As you can see, I am stuck. As far as I know, there is no simpler way of expressing the constraints and the objective function for this problem. It seems to me that I have reached a fundamental limitation. So here go my questions again:
Try avoiding uses of bool2int
.
For instance, instead of:
(assert (= 1 (+ (bool2int s1_a1_t1) (bool2int s1_a1_t2) )))
Write:
(assert (distinct s1_a1_t1 s1_a1_t2))
For your other constraint that sums them up-to 3, see if you can also express that in terms of pure boolean-reasoning, without involving arithmetic.
The trick here is to avoid mixing booleans and integer arithmetic.

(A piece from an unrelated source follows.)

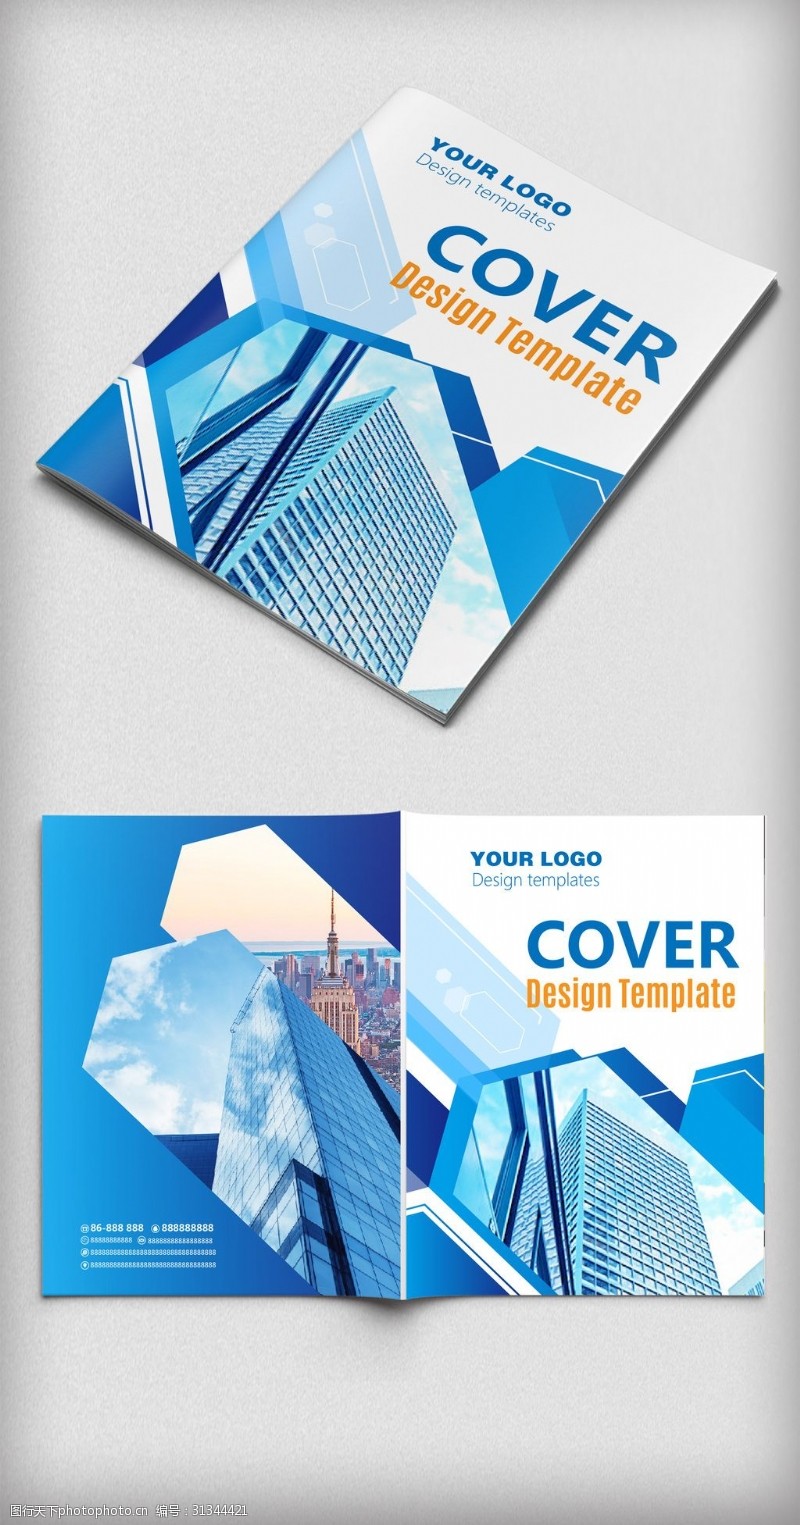 简约封面设计大气蓝色时尚杂志广告宣传封面设计

If you can avoid the latter, z3 will have a much easier time.
For the general case, i.e., when there are more than two assignments, you should use the pbeq
function. For instance, if you have 3 booleans and want to say exactly one of them is true, you should write:
(assert ((_ pbeq 1 1 1 1) b1 b2 b3))
This allows z3 to stay in the SAT solver and not branch out to the arithmetic reasoning, and usually keeps things simpler.